[Activity] Repeat only the lines below that run from the line with "Đầu bàn chải" to the line with "Red linear earrings, #3629E, linear", ends included; skip every picture.

[Information provided]
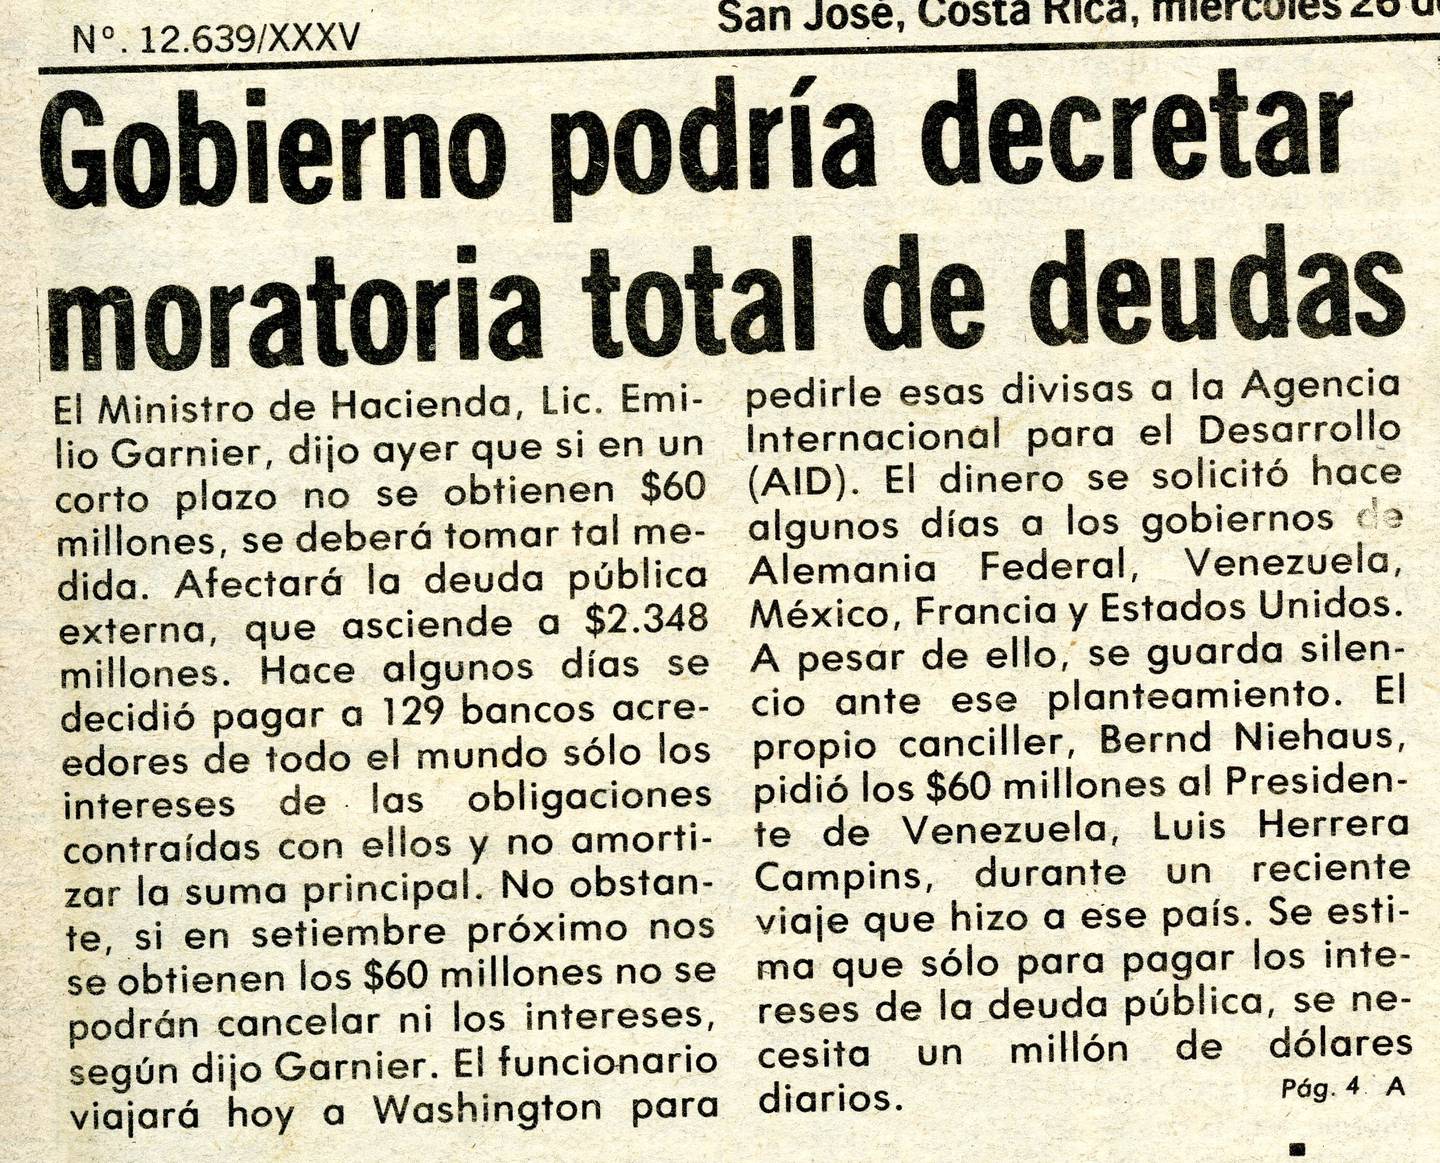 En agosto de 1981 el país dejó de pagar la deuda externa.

* * *

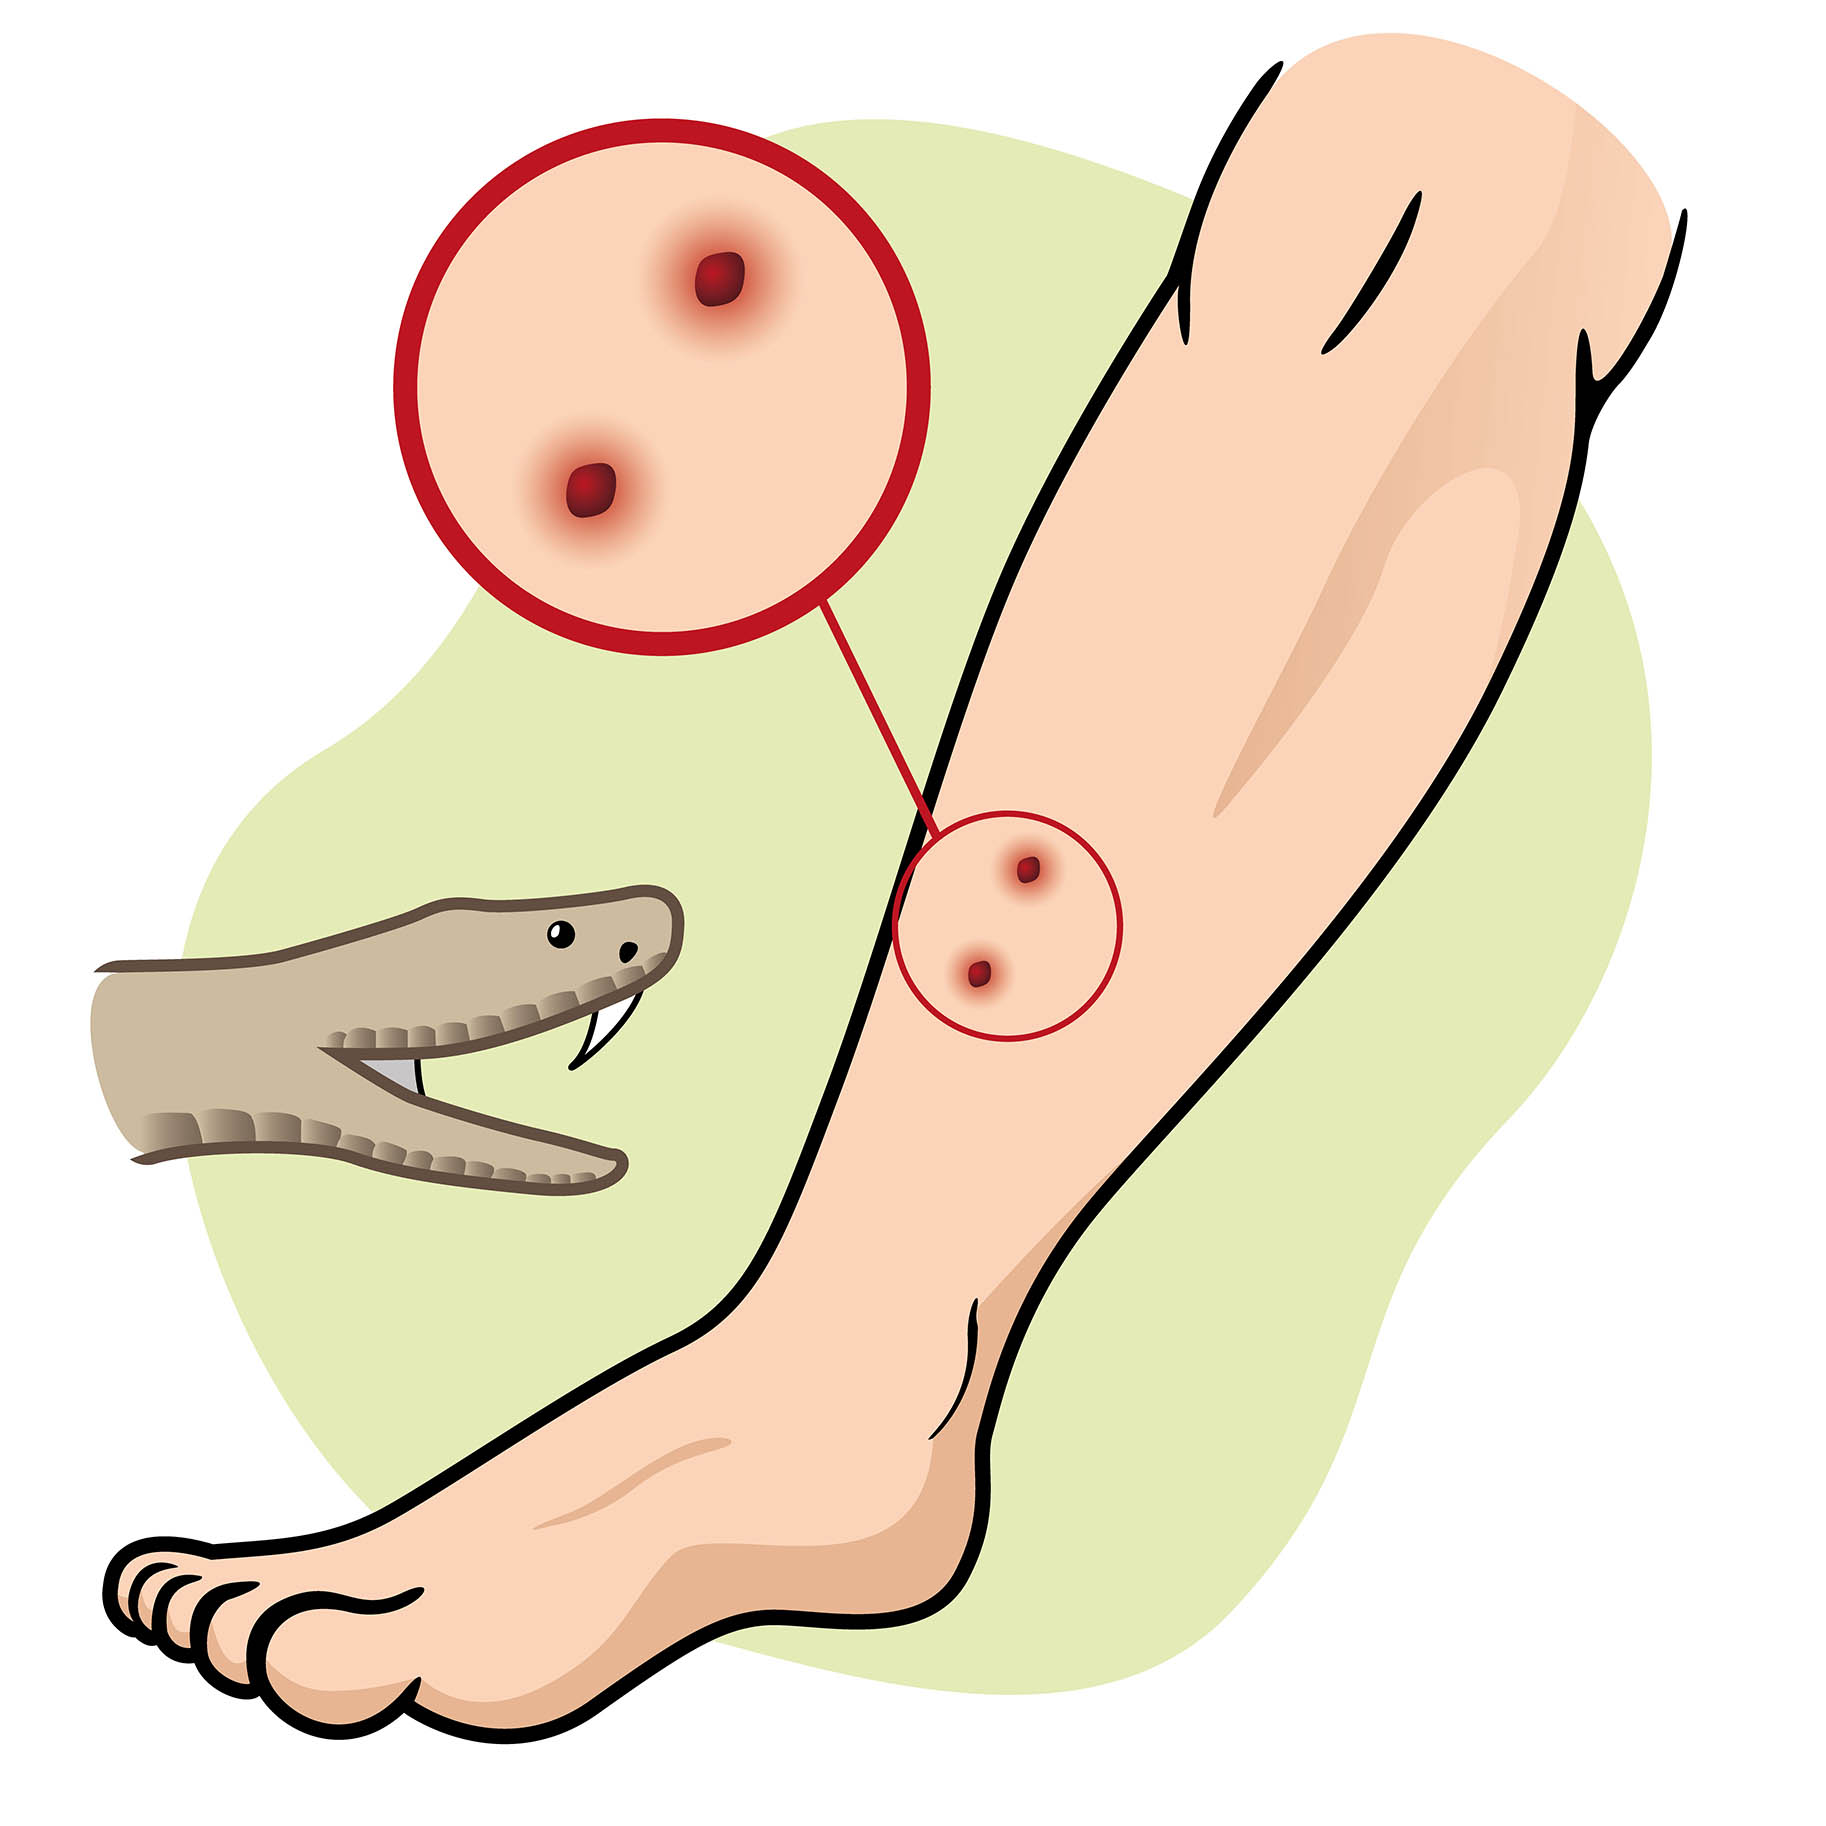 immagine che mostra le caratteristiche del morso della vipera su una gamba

--

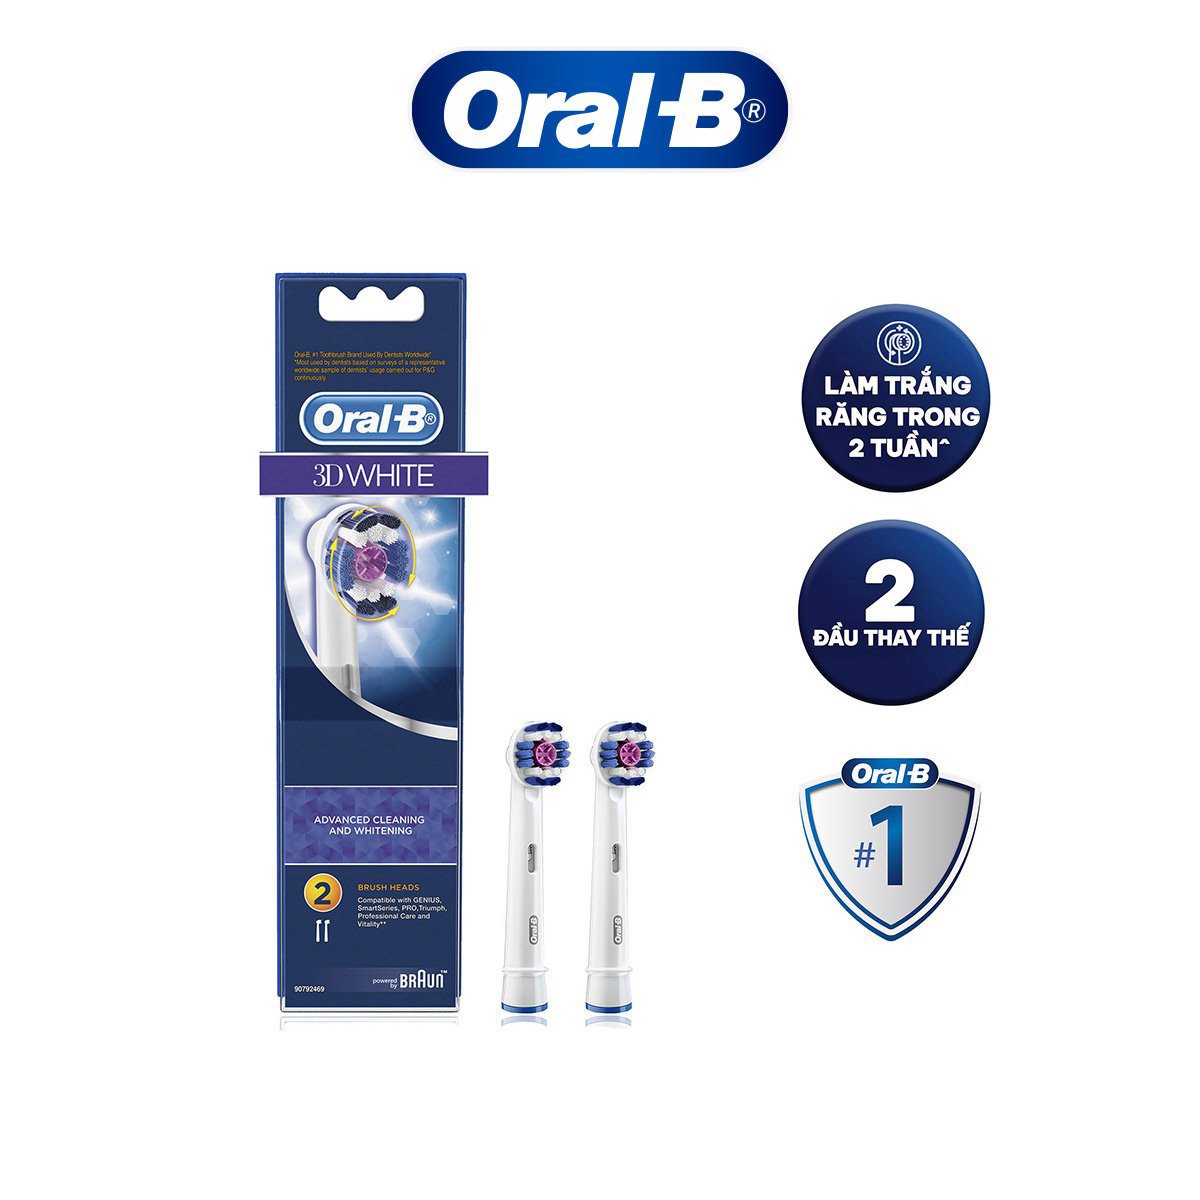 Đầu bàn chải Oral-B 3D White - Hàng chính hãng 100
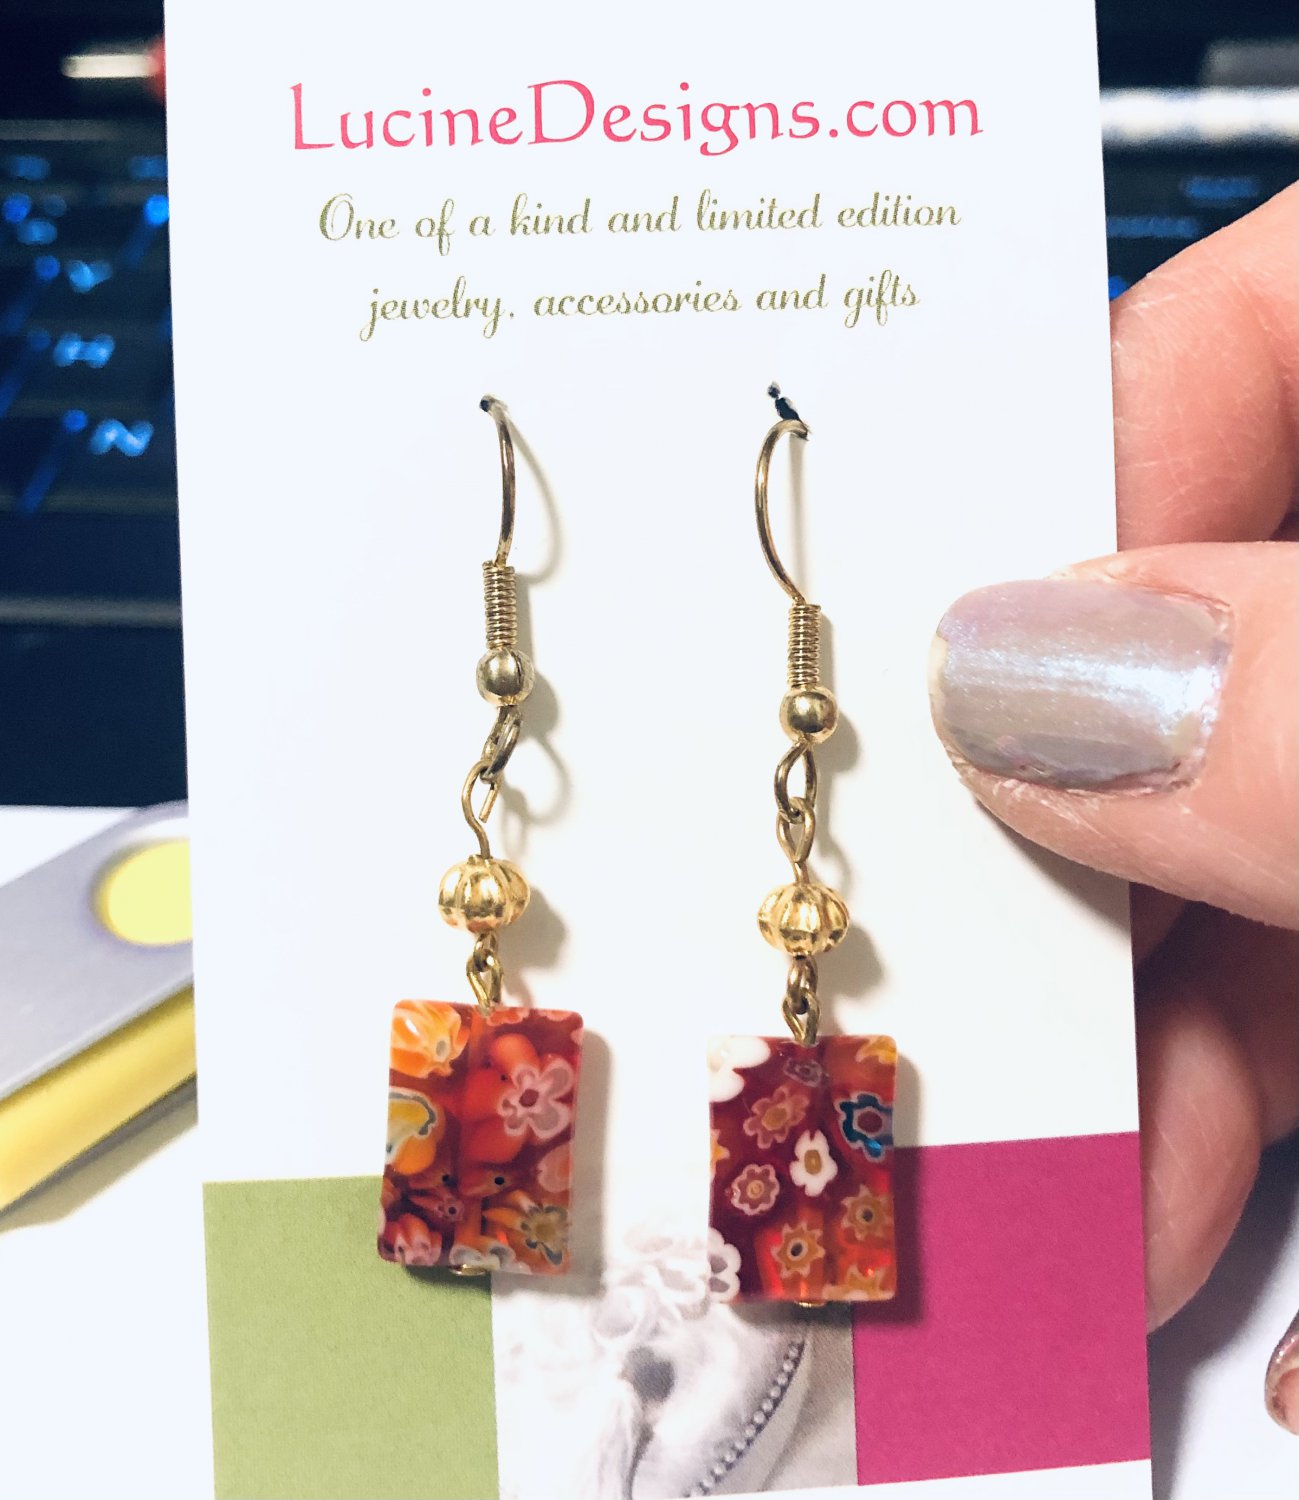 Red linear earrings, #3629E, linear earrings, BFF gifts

[Completed exercise]
 Đầu bàn chải Oral-B 3D White - Hàng chính hãng 100
 Red linear earrings, #3629E, linear earrings, BFF gifts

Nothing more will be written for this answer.